On the bright side, I also ended up getting 2 graphic card upgrades and end the year with the GTX 1070 8GB OC. I was also introduced to several amazing games – in 4K High/Ultra, too – and got a Lenovo YogaBook – which is terribly fun to have.
And I got to see The Last Jedi… So at last one good thing happened.
I really hate these flare-ups… Is it just Fibro, or is it more? I’m just so exhausted I can’t think straight, or even at all, anymore. It makes me so ridiculously ill, so tired and drained, so unable to do anything, not function at all.
I am lost inside it. Numb and dead inside with nothing more to give.
Drained Fatigue. Exhaustion beyond all comprehension. Exacerbated paraesthesia or neuropathy. “Buzzing”. “Paraesthesia pain”. Severe internal temperature fluctuations, like when one has severe fever or flu. Bad Palpitations. Severe Nausea. Blackouts. Inability to wake up.

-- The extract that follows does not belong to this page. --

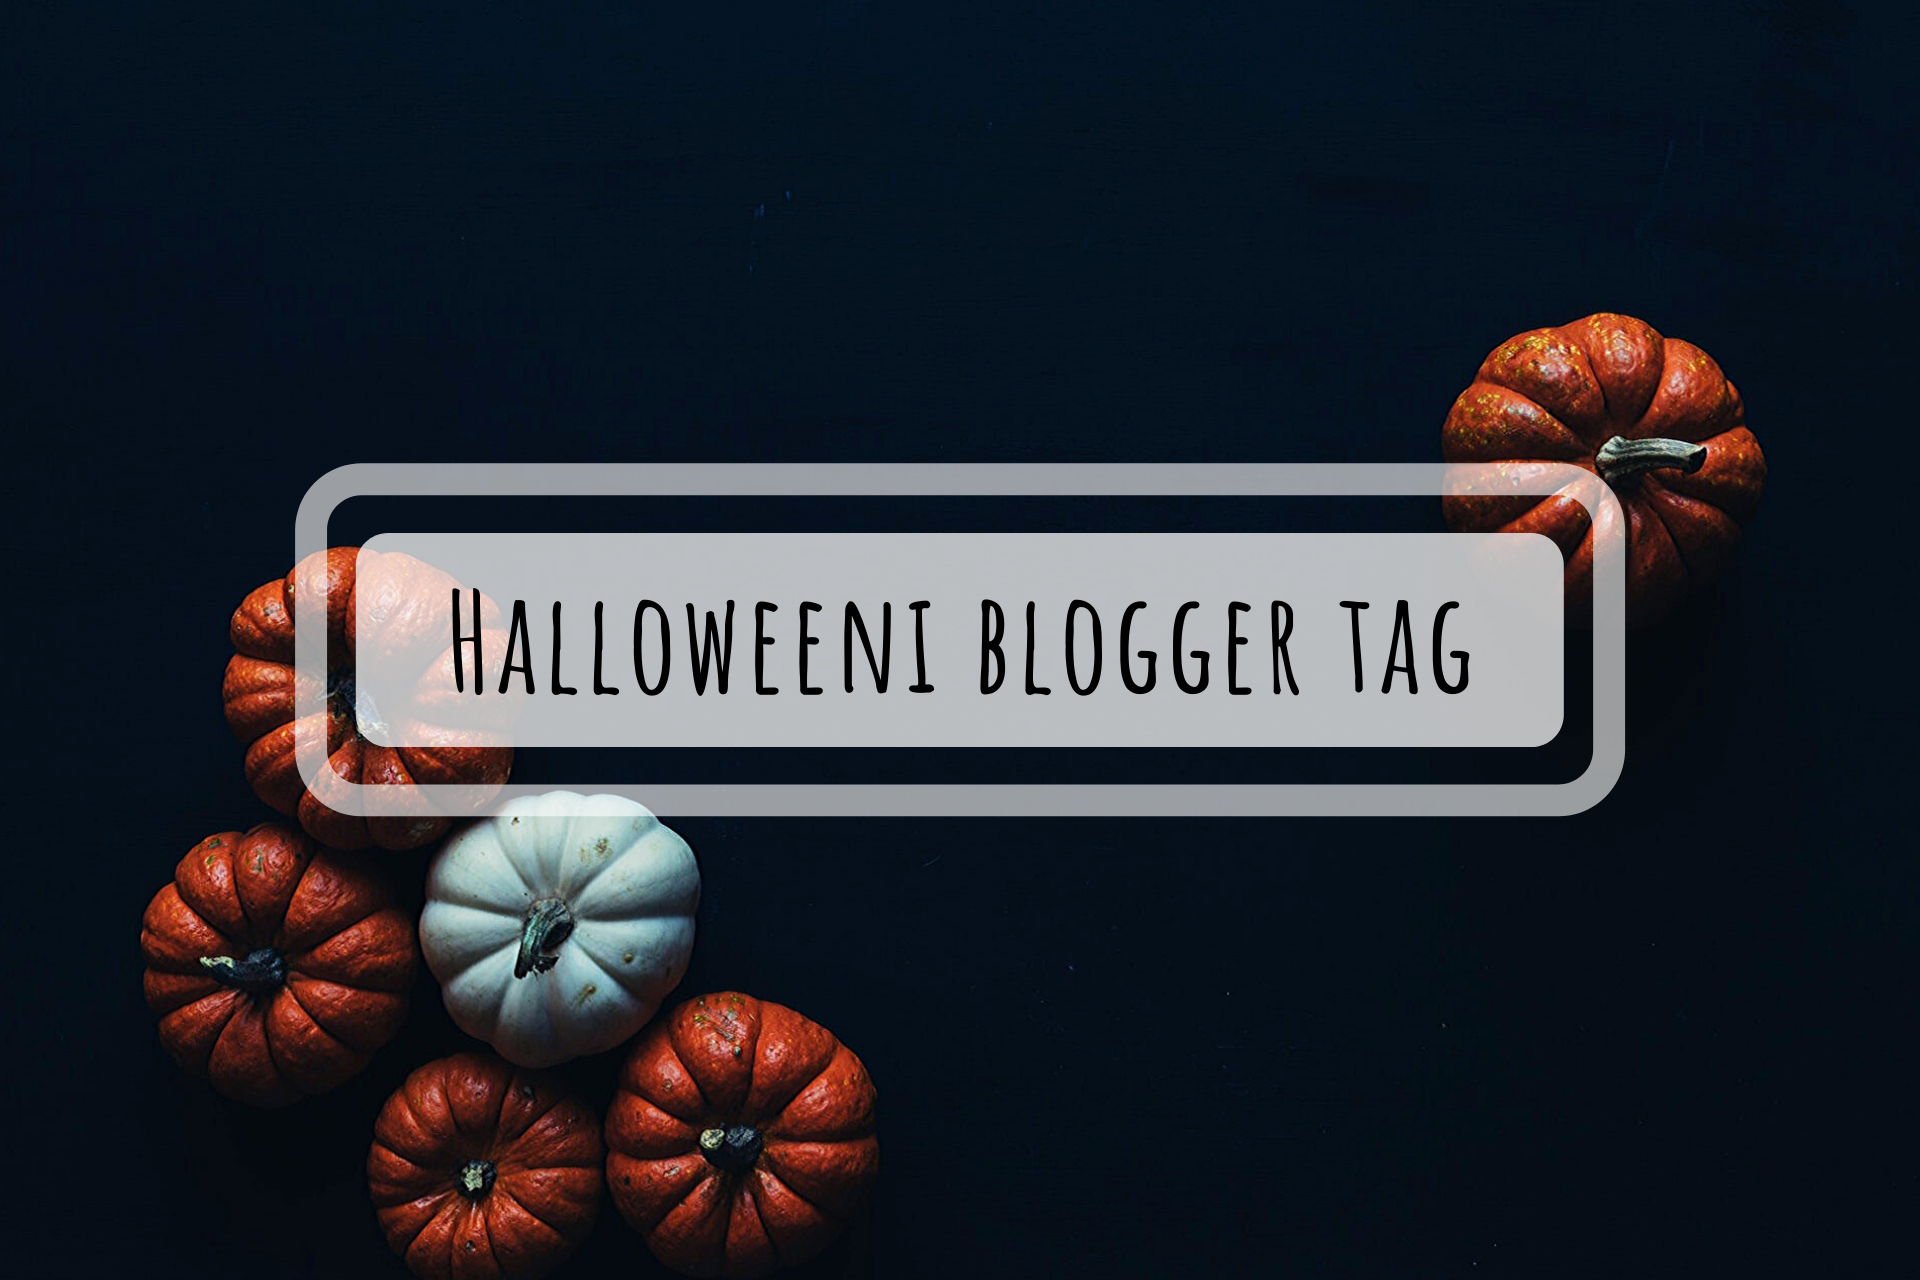 Halloweeni blogger tag

Emotional fear. Scattered mind and thoughts. Inability to comprehend even basic things. Even less capability to remember things. No focus at all. Unable to do just about anything. Left with vacantly watching rubbish on TV because can’t focus. High Distress. Depression. Severe Hyper-Anxiety. Terrified – of everything. Overwhelmed. Barely able to move. Unable to function.
All I do are the basics. Less than the basics. And yet this is still what I have to live with – that and so much more. It doesn’t seem to matter that I try and do as little as possible… I still end up feeling so awful, so drained, in pain. If I try and do more than nothing, then this… thing… punishes me relentlessly, by making everything so much worse.
This makes it so completely horrible, unmanageable, un-livable. I am unable to do anything I want to, and that’s not because I’m in so much pain or can’t walk. It’s because I am so very too exhausted to do anything. There are things that can be done to control pain, Fibro… well, to a certain extent, anyway… but there seems to be nothing to combat inexplicable and extreme exhaustion that’s so bad it makes you pass out. Might not be too surprising that coffee is barely of any use whatsoever, either. So there’s nothing at all to combat it. You really do just “have to take it”. Without a single antidote to be had to help at all.
Sleep does nothing. “Rest” does nothing. How can you even “rest” when everything all around you confuses and terrifies you? When you’re so anxious, so distorted, so “zoned out”, so unable to function whatsoever… how can you really “rest”? It’s like I’ve got a broken health bar… or one from Dragon Age: Inquisition… It just doesn’t regenerate at all. And I’ve got no potions to bring it back either.
Taking me out of the game, for as long as its there. Or maybe, quite possibly, for good.
Storm Stella… Thank you for being yet another terrible import from America. For the last week or so you have been driving every nerve and cell in my entire being utterly bananas, and I’m in constant paraesthesia pain – I may as well be attached to Ol’ Sparky for the amount of electric shocks, buzzing tingles and burning, like sunburn, that I am currently having to ensure.
So thanks, ridiculously horrible storm that came from across the sea to cause so much misery.
It was supposed to be a good week this week, and especially today (it’s the release of Mass Effect: Andromeda [game]). But all this has made it impossible to manage to be anything close to even “Meh”. Definitely not “OK”.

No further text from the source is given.